Scheduler Plugin Mechanism

Overview

The scheduler uses a plugin-based architecture that allows extending its functionality through various extension points. The core mechanism is built around Session object that maintains the scheduling context and plugin-registered callbacks.

Core Components

Plugin Interface

type Plugin interface {
    Name() string
    OnSessionOpen(ssn *Session)
    OnSessionClose(ssn *Session)
}

Plugins are registered using a builder pattern:

type PluginBuilder func(map[string]string) Plugin

// Register a new plugin
RegisterPluginBuilder("my-plugin", func(args map[string]string) Plugin {
    return &MyPlugin{}
})

Key Extension Points

1. Session Lifecycle Hooks

OnSessionOpen: Called when a scheduling session starts
OnSessionClose: Called when a scheduling session ends

OnSessionOpen is used to initiate state and register to callback functions. OnSessionClose can be used for cleanup or metrics reporting.

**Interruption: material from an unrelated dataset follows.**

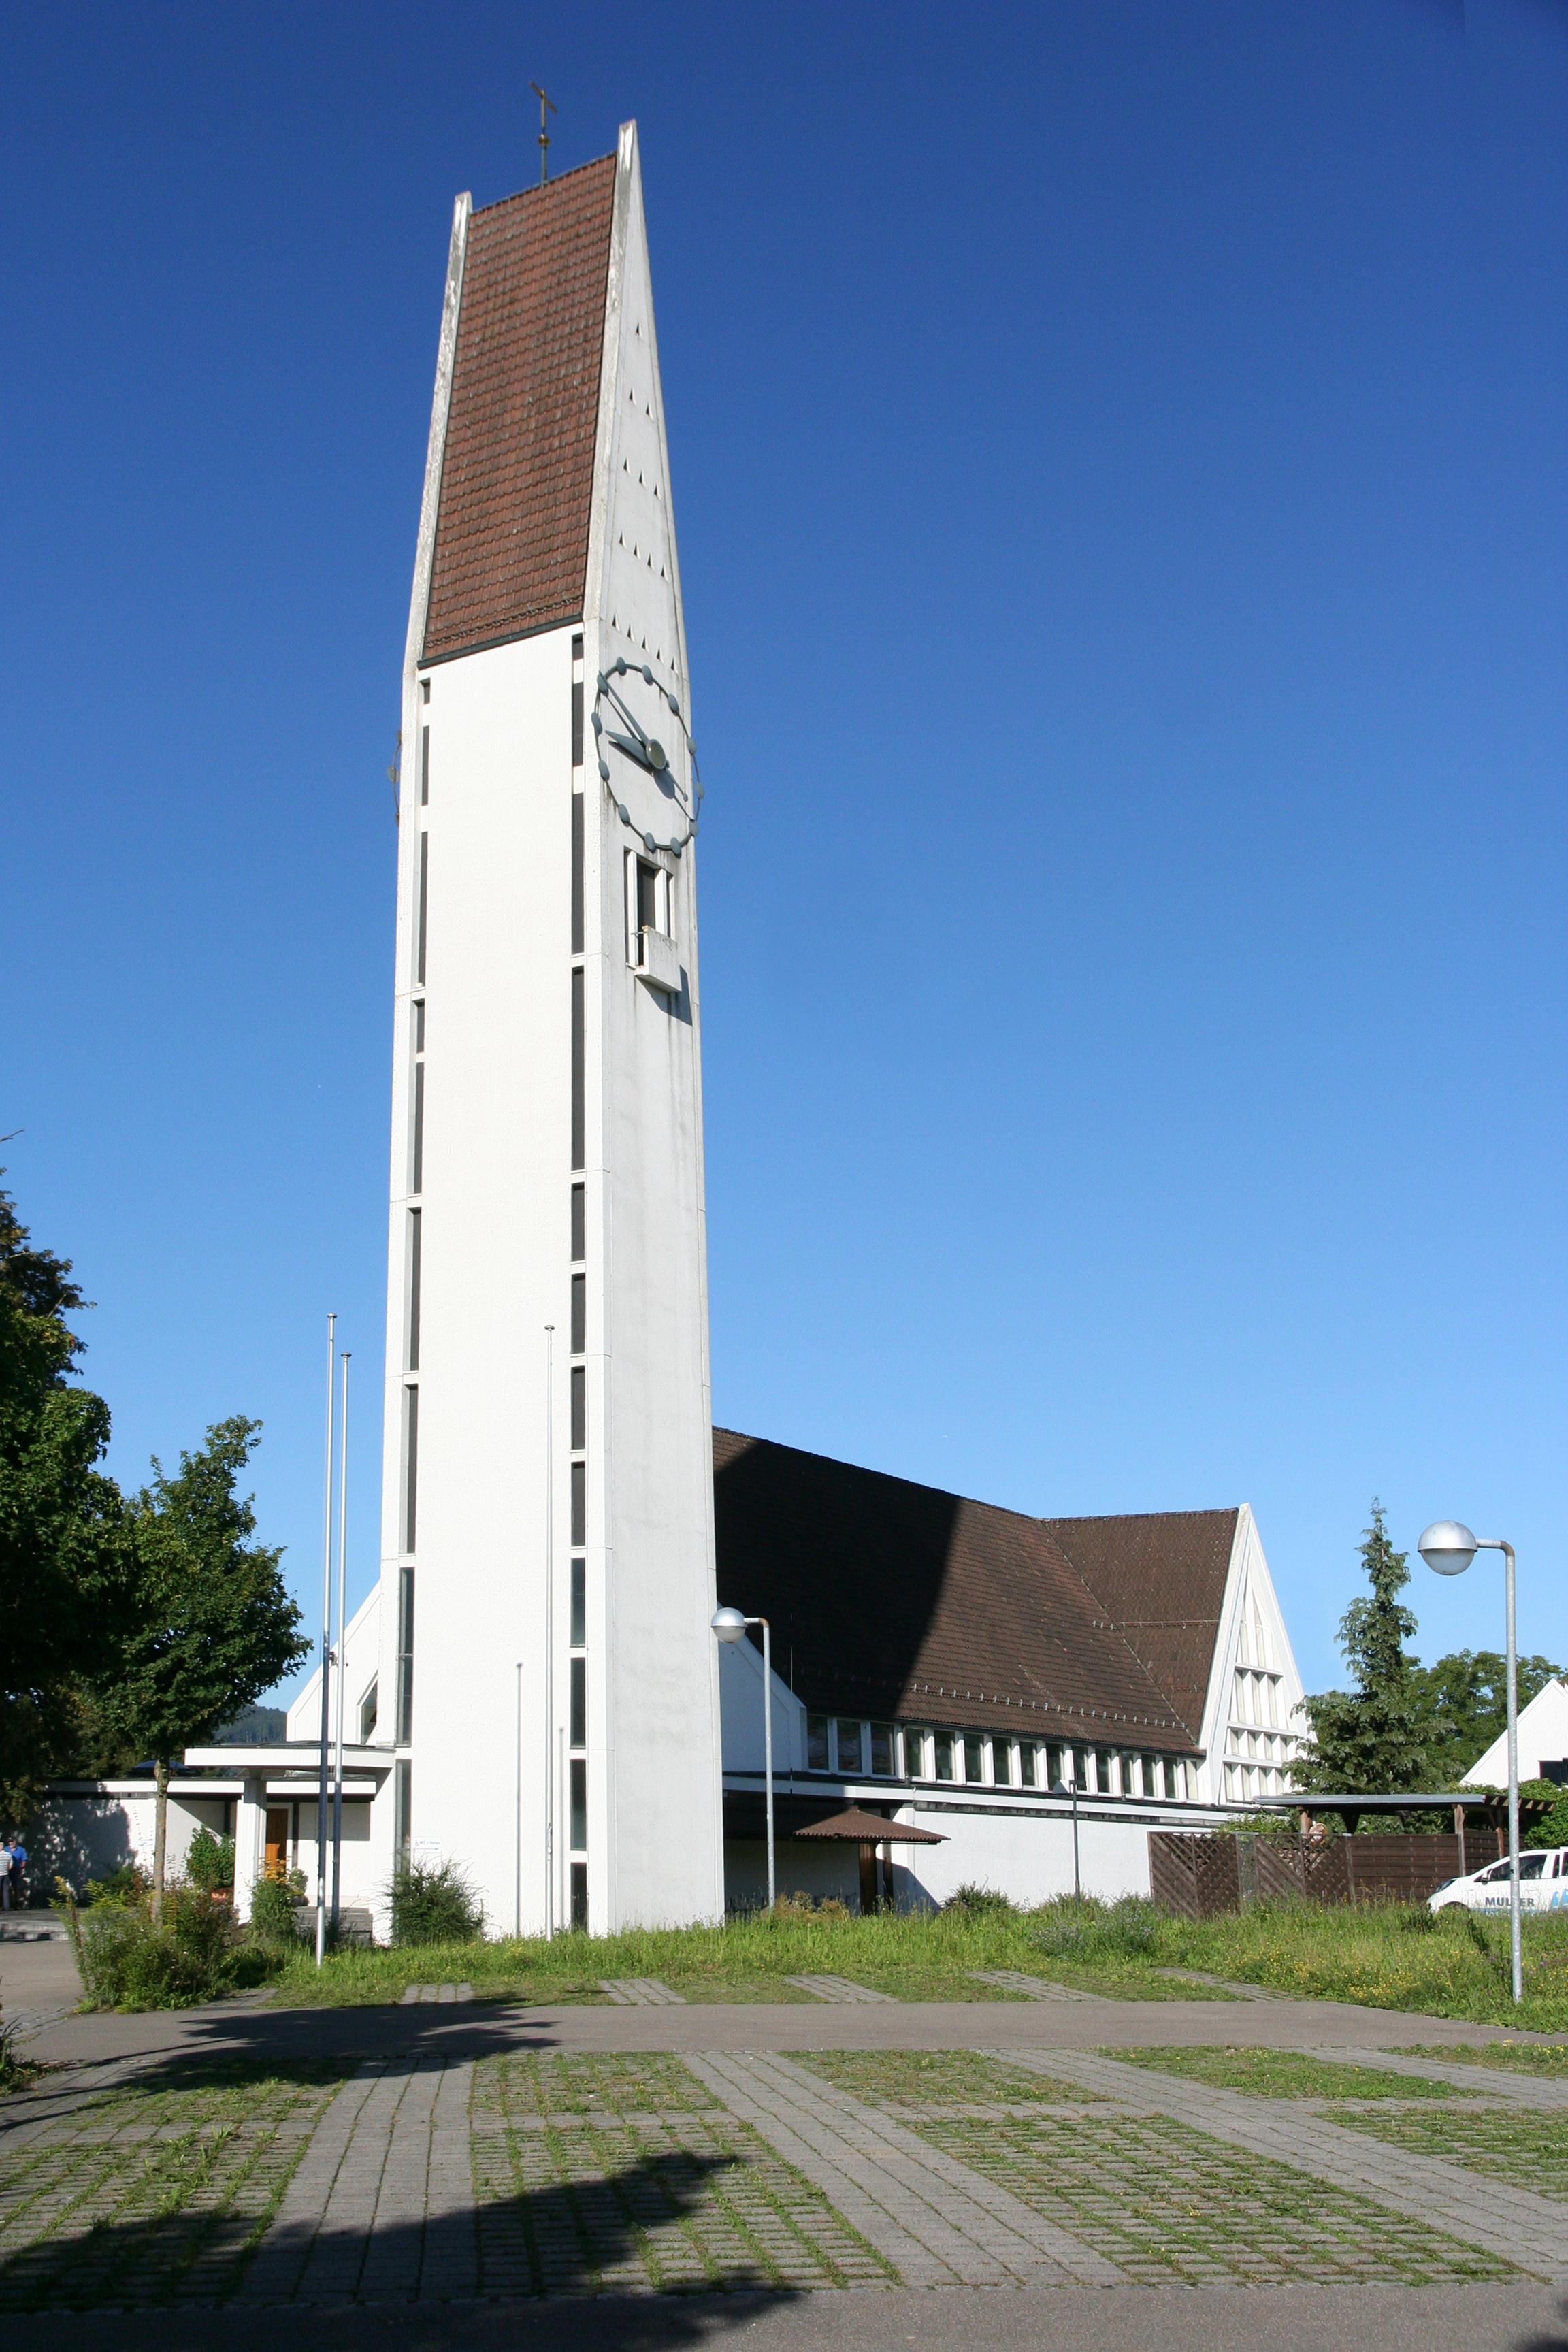 Katholische kirche frauenfeld oberkirch

2. Session Extention Points

The session object provides the plugins with multiple extension points that the plugins can register callbacks for. For example:

Scheduling Order

AddJobOrderFn: Define job ordering within a queue - for example, job priority
AddTaskOrderFn: Define task priority within jobs - for example, attempt to schedule leader pod first
AddQueueOrderFn: Define queue priority ordering - for example, fair share or strict priority
AddNodeOrderFn: Score nodes for task placement - for example, binpack, node affinity

Predicates

// Pre-predicate functions run before main predicates
type PrePredicateFn func(task *pod_info.PodInfo, job *podgroup_info.PodGroupInfo) error

// Main predicate functions determine if a pod can run on a node
type PredicateFn func(task *pod_info.PodInfo, job *podgroup_info.PodGroupInfo, node *node_info.NodeInfo) error

// Register predicates
ssn.AddPrePredicateFn(myPrePredicate)
ssn.AddPredicateFn(myPredicate)

Example predicate:

func GPUPredicate(task *pod_info.PodInfo, job *podgroup_info.PodGroupInfo, node *node_info.NodeInfo) error {
    if task.RequiresGPU && !node.HasAvailableGPUs() {
        return fmt.Errorf("node %s has no available GPUs", node.Name)
    }
    return nil
}

3. Scoring Functions

Node Scoring

type NodeOrderFn func(task *pod_info.PodInfo, node *node_info.NodeInfo) (float64, error)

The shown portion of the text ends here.